05:02 On commence à ressentir des choses qui sont extrêmement dangereuses dans ce pays.
05:06 Vous dites qu'on fait peur avec ce musulman, votre client, à tort.
05:13 Quand on lit l'arrêté d'expulsion signé par Gérald Darmanin,
05:17 il est expliqué que votre client a désigné les juifs comme ennemis,
05:21 des ennemis hostiles, des musulmans alliés de l'antéchrist.
05:24 Il fait l'éloge de la charia, encore une fois, c'est d'après l'arrêté d'expulsion,
05:27 qui parle d'appel à la haine, de séparatisme,
05:29 d'atteinte aux intérêts fondamentaux de l'État.
05:31 Un imam qui attise la haine, terreau d'une radicalisation,
05:34 encore une fois, je cite l'arrêté d'expulsion.
05:36 Votre client qui déplore que les mosquées ne produisent plus de combattants
05:40 comme au temps du prophète, qui présente les femmes comme vénales, inférieures,
05:44 légitimise la séquestration au nom de la religion.
05:47 Vous vous dites "tout ça c'est faux, tout ce qui est écrit dans l'arrêté d'expulsion, tout est faux".
05:54 – Non, je ne le dis pas comme ça.
05:56 Il y a des propos que vous rappelez dans cet arrêté qui ont été tenus,
05:58 dans un contexte de prêche qui dure généralement entre 45 et 50 minutes.
06:02 Un mot rapidement, je sais que nous devons aller assez vite.
06:06 Le hadith qui a été cité concernant les juifs, ça s'appelle de l'eschatologie,
06:10 ça existe dans le judaïsme, dans le christianisme et dans l'islam.
06:14 J'en appelle tout de suite aux autorités de ce pays,
06:16 au président de la République, au ministère de l'Intérieur
06:18 et aux autorités représentatives des musulmans,
06:20 de reprendre tout ça en main et d'apprendre à ces prêcheurs,
06:23 mon client le premier, d'apprendre à ces prêcheurs
06:26 à prêcher convenablement et à expliquer leurs propos dans un contexte.

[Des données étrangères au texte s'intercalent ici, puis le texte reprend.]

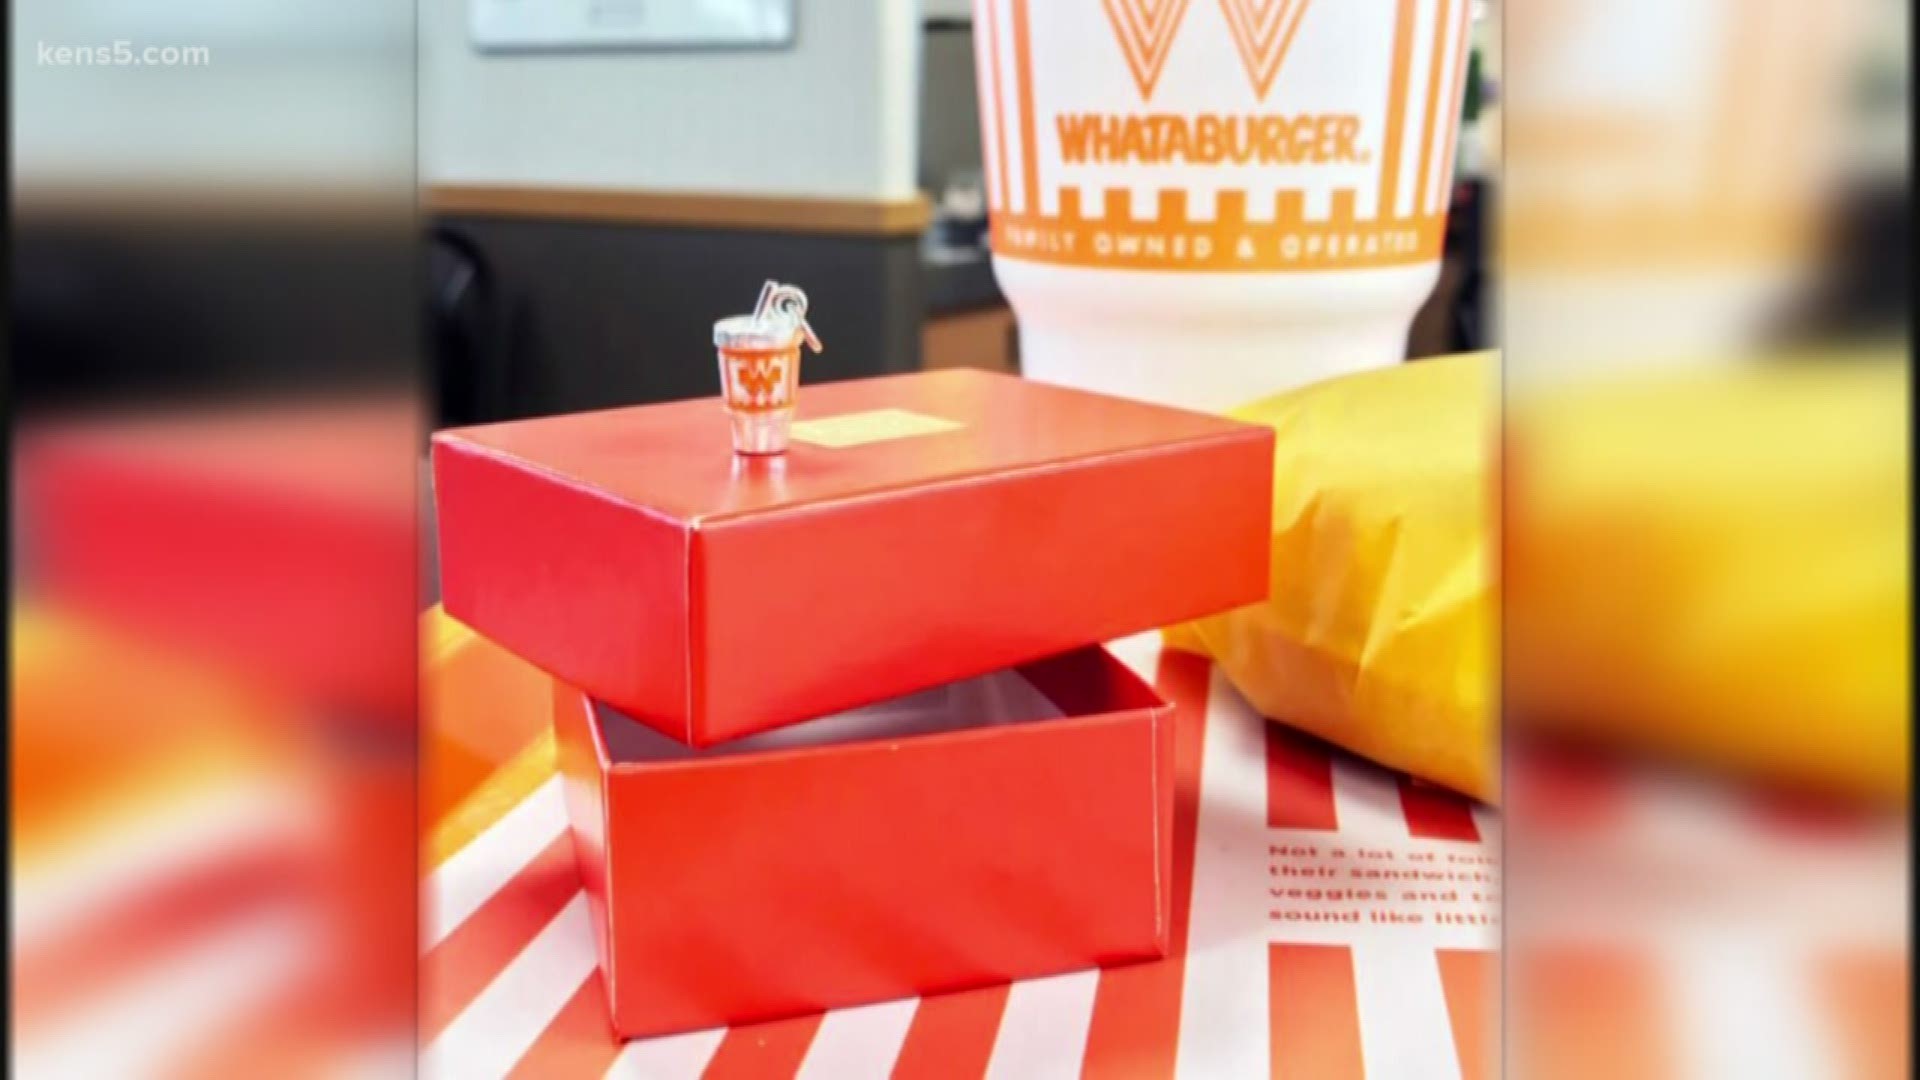 James Avery releases Whataburger french-fry charm | newscentermaine.com

06:30 Monsieur, ce que vous dites, je le comprends.
06:33 Ceux qui nous écoutent doivent comprendre que je comprends
06:35 qu'ils soient choqués ou interloqués.
06:38 Mais à aucun moment il n'a tenu un propos personnel visant à dire
06:41 "mais les juifs c'est des ennemis, les femmes c'est des inférieurs".

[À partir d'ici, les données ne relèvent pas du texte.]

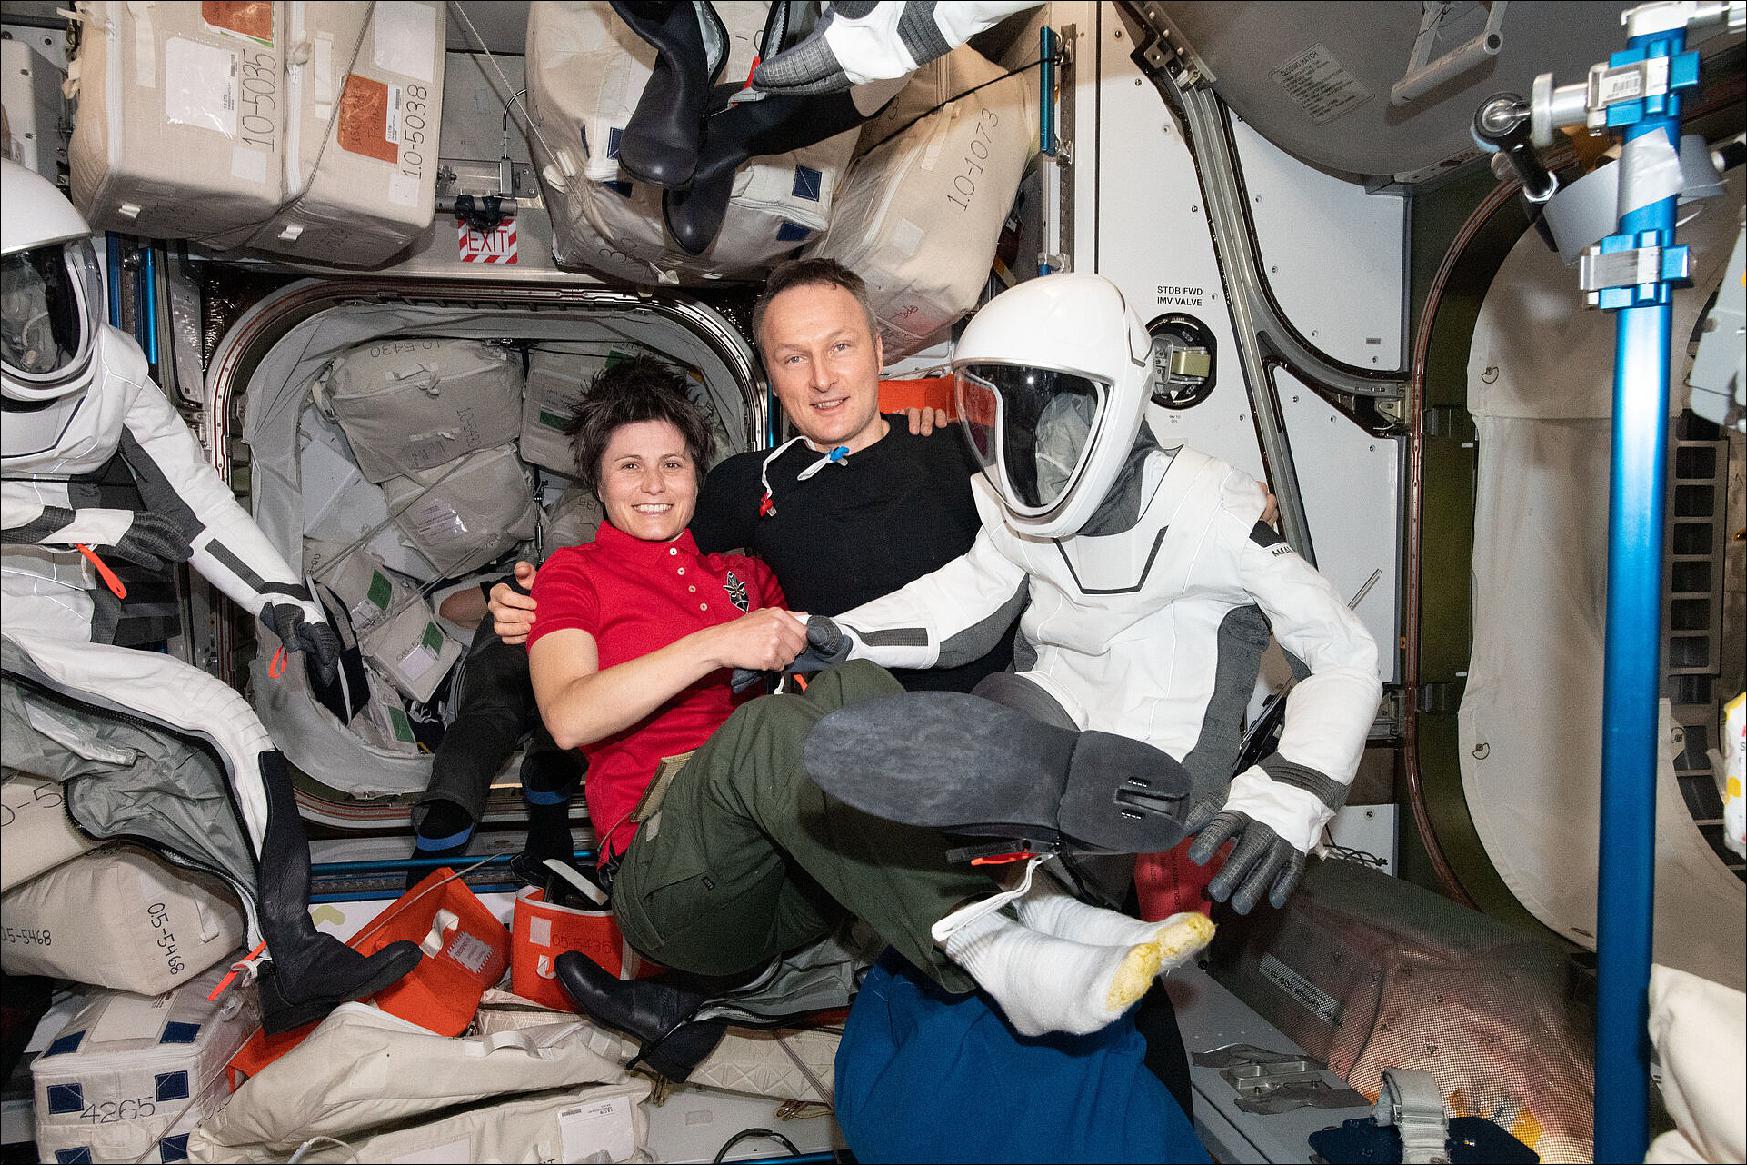 Figure 17: In late April 2022, for the first time since mid 2011, ESA had two astronauts living and working together aboard the International Space Station. Samantha Cristoforetti arrived with Crew-4 on 28 April in SpaceX Crew Dragon Freedom, while Matthias departed with his Crew-3 colleagues, NASA astronauts Raja Chari, Thomas Marshburn and Kayla Barron, on Thursday 5 May. This image with a SpaceX spacesuit was captured during their time together in orbit (image credit: ESA/NASA)

06:44 Ce sont des propos qui relèvent de l'eschatologie classique islamique
06:49 qui date de 1400 ans, dont les sources sont contestées par ailleurs.
06:53 Il faut simplement rappeler que ce ne sont pas des propos
06:56 qu'il tient de son propre chef dans le sens,
06:59 je ne dis pas qu'il a été contraint de les tenir,
07:00 dans le sens où il pense ça, il cite des textes religieux.
07:04 – Il cite des textes religieux, d'accord,
07:06 mais vous reconnaissez vous-même qu'il n'aurait pas dû le faire ?
07:09 Vous reconnaissez vous-même qu'il aurait dû être d'une certaine manière formé
07:13 pour ne pas tenir ce genre de propos face à des fidèles ?
07:17 – Je confirme à 100% ce que vous venez de dire et je vais même plus loin,
07:22 Monsieur Majoubi a été extrêmement maladroit.
07:25 Monsieur Majoubi n'est pas formé pour prendre une parole publique
07:30 devant un auditoire de plusieurs centaines de personnes.
07:33 Mais c'est la situation de l'islam en France, malheureusement.
07:36 Donc ne lui mettons pas ces choses-là sur le dos,
07:39 je puis vous garantir que Monsieur Majoubi n'est pas une personne radicalisée
07:43 ni dangereuse, maladroite, bête, il n'y a aucun problème.
07:48 Ça ne m'aurait pas choqué qu'il soit placé en garde à vue,
07:51 auditionné, même un peu vigoureusement,
07:54 mais cette expulsion est beaucoup trop disproportionnée.
07:57 – Ce que vous nous dites c'est qu'il voulait juste faire référence au Coran,
08:02 au Hadith, au texte sacré de l'islam qui date de 1500 ans
08:05 et en tout cas qu'il ne les pensait pas forcément personnellement.
08:08 C'est du reste également ce qu'il dit, sa défense c'est de dire
08:12 "je faisais référence au texte sacré".
08:17 – C'est exactement ça, vous coupez-moi si je suis trop long, pardon,
08:20 mais le Monsieur le ministre de l'Intérieur dans son arrêté,
08:24 vous le présente comme si c'était Monsieur Majoubi assis dans un café
08:27 qui vous dit "mais les juifs sont des ennemis,
08:29 les femmes il faut les contraindre et les enfermer à la maison".
08:31 Ce n'est pas du tout ce contexte-là, ce n'est pas du tout ce contexte-là.
08:35 C'est pour ça que nous contestons cette expulsion.